Wednesday, July 3, 2013

Busy as…

        Is it beekeeping that brings out the cliché in me, or is it just that bee-based clichés are so compelling?

         Along with many other useful things that I learned in school, like never to climb on the monkey bars when wearing a dress and how to play a passable game of marbles, I learned to Avoid Clichés At All Costs When Speaking and Writing. You don't forget the lessons that were branded on your young brain by sort-tempered adults much older and bigger than you, so I have always tried, When Speaking and Writing, to Avoid Clichés at All Costs. Sometimes I even congratulate myself on coming up with a particularly effective and original simile when I could have just defaulted to a cliché.

          So it was entirely against all my training and my best instincts that I found myself the other day in the bee yard with K, watching the bees and about to commit cliché. "Look at how active they are," I said to K, completely helpless to prevent the following words from just falling out of my mouth: "Why, they're busy as bees."

          Of course you groan, but it turns out that clichés, before they were clichés, were in fact such universal truths or such creative or compellingly-worded comparisons that everyone fell in love with them and started using them because they were so good or true or evocative. You look at bees in the summer when they're really working, and they are the very archetype of busy. "Busy as bees" is a good and useful descriptor. It is as evocative as billy-o.

          But, as with anything you love and use all the time, these compelling phrases started to get a little worn. A little tired. A little been-there-done-that-bought-the-postcard-and-mailed-it-home. And people began to look down upon them, because they were familiar, and tell Other People that it was one of the High Holy Significators of Tackiness to use them. I myself felt this way until a couple of days after the "busy as bees" incident, when I was, again, in the bee yard.

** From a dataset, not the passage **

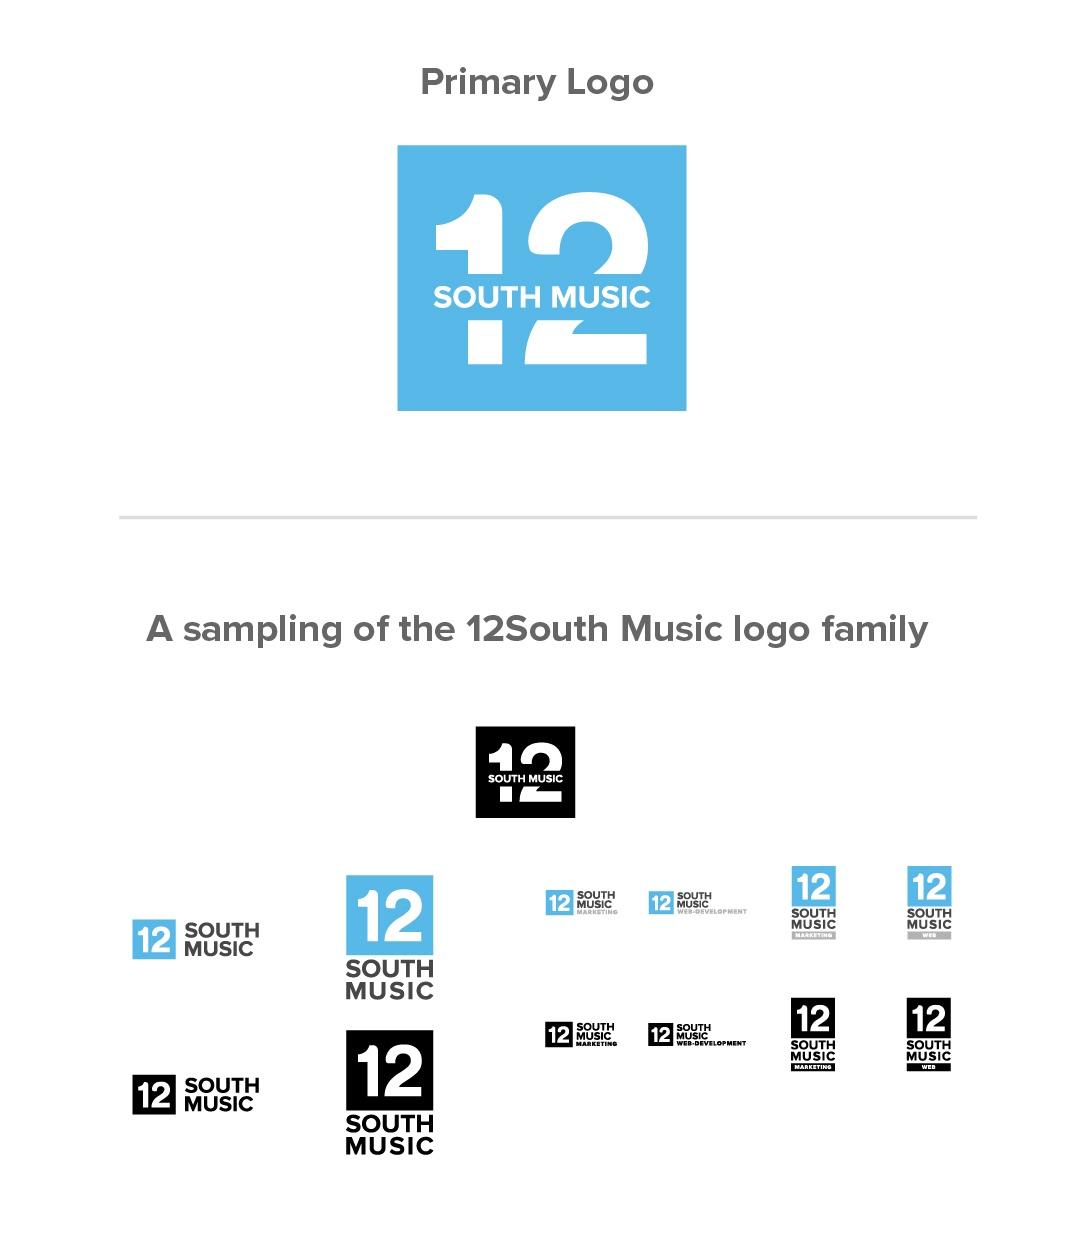 branding-12sm-logo-blog-brand-awareness-inbound-marketing-logos-01.jpg

          I was helping K work the hives, and so I was dressed in a bee-resistant bonnet, veil, and jacket. It was warm and the bees were busy as you know what—eddying around us before flying off in waves to their work. I didn't notice right away that the bee that was buzzing so close to my face—because they were all buzzing close to my face—was distinguished from the rest by being on the wrong side of my veil. Judging from the tenor of its buzz, it was starting to get a little grumpy about sharing such close quarters with me. "K," I said, in the world's most entirely justified use of cliché since the term was coined, "there's a bee in my bonnet."